Verbal Interactions with Embodied Conversational Agents

Jonathan Ehret
Doctoral Consortium at ACM International Conference on Intelligent Virtual Agents (IVA) 2022

Embedding virtual humans into virtual reality (VR) applications can fulfill diverse needs. These, so-called, embodied conversational agents (ECAs) can simply enliven the virtual environments, act for example as training partners, tutors, or therapists, or serve as advanced (emotional) user interfaces to control immersive systems. The latter case is of special interest since we as human users are specifically good at interpreting other humans. ECAs can enhance their verbal communication with non-verbal behavior and thereby make communication more efficient. For example, backchannels, like nodding or signaling not understanding, can be used to give feedback while a user is speaking. Furthermore, gestures, gaze, posture, proxemics, and many more non-verbal behaviors can be applied. Additionally, turn-taking can be streamlined when the ECA understands when to take over the turn and signals willingness to yield it once done. While many of these aspects are already under investigation from very different disciplines, operationalizing those into versatile, virtually embodied human-computer interfaces remains an open challenge.

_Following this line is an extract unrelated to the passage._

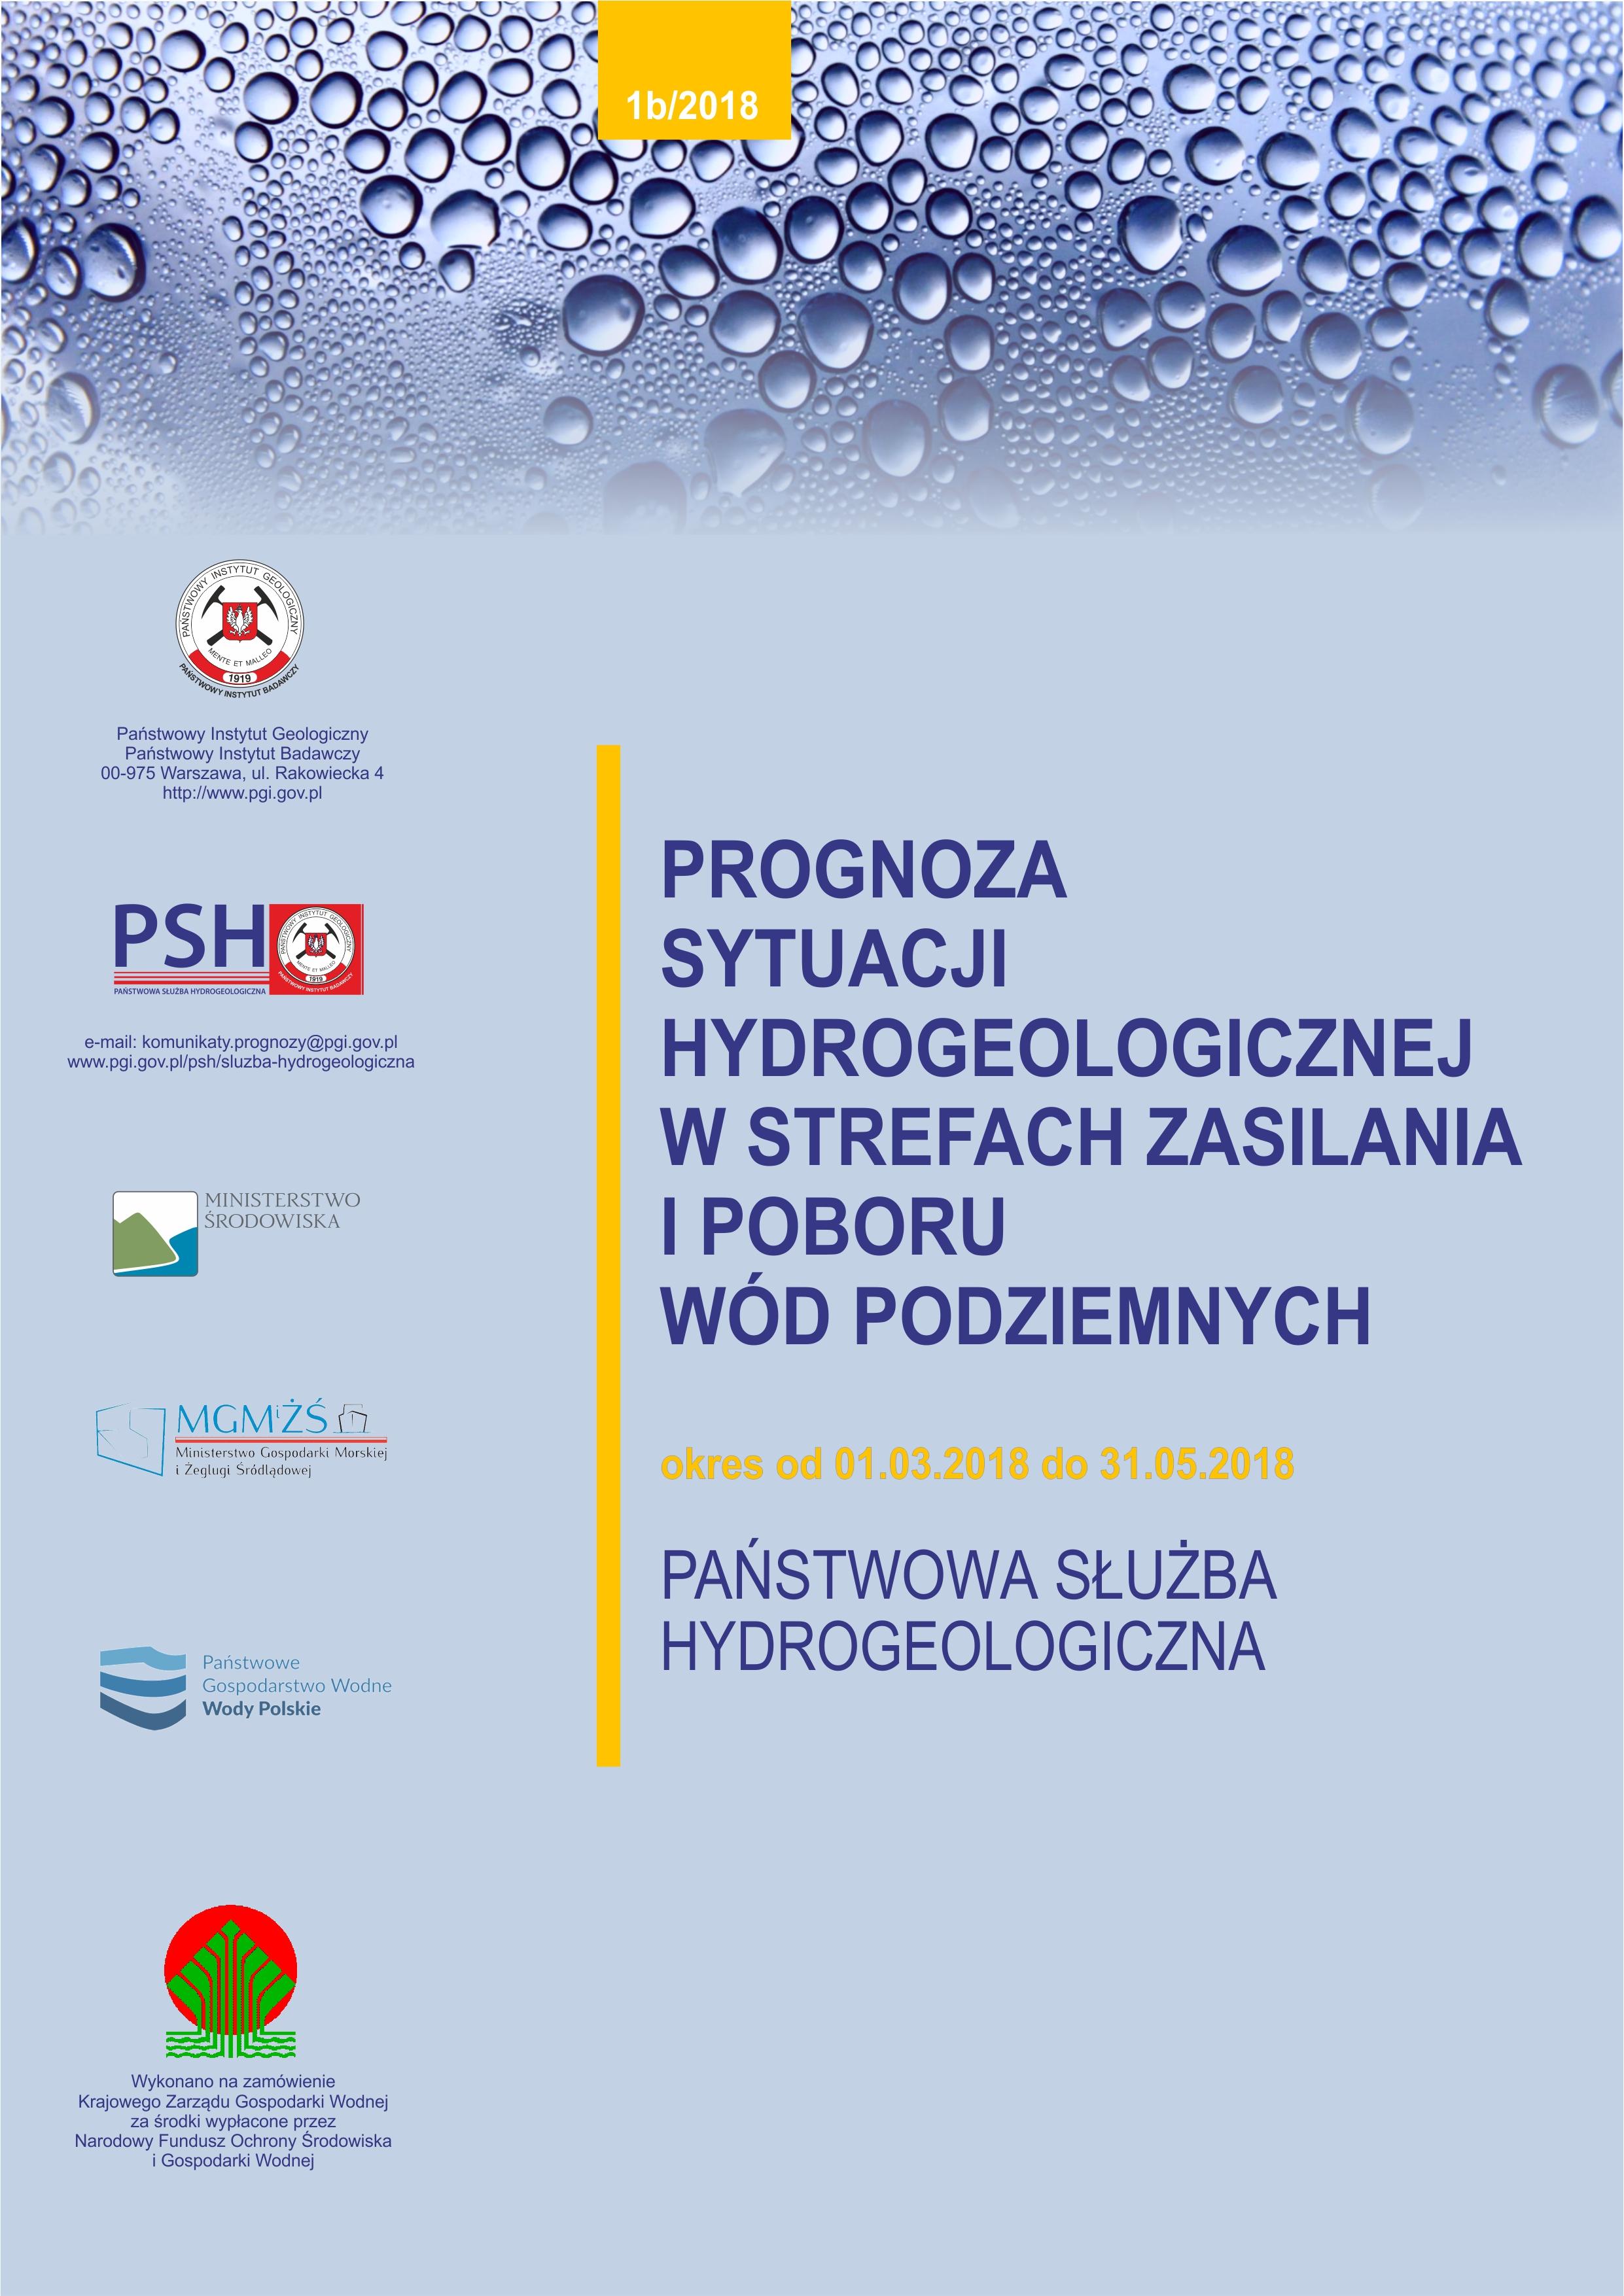 Prognoza sytuacji hydrogeologicznej w strefach zasilania i poboru wód podziemnych 01.03.2018- 31.05.2018

To this end, I conducted several studies investigating acoustical effects of ECAs' speech, both with regard to the auralization in the virtual environment and the speech signals used. Furthermore, I want to find guidelines for expressing both turn-taking and various backchannels that make interactions with such advanced embodied interfaces more efficient and pleasant, both when the ECA is speaking and during listening. Additionally, measuring social presence (i.e., the feeling of being there and interacting with a ``real'' person) is an important instrument for this kind of research, since I want to facilitate exactly those subconscious processes of understanding other humans, which we as humans are particularly good at. Therefore, I want to investigate objective measures for social presence.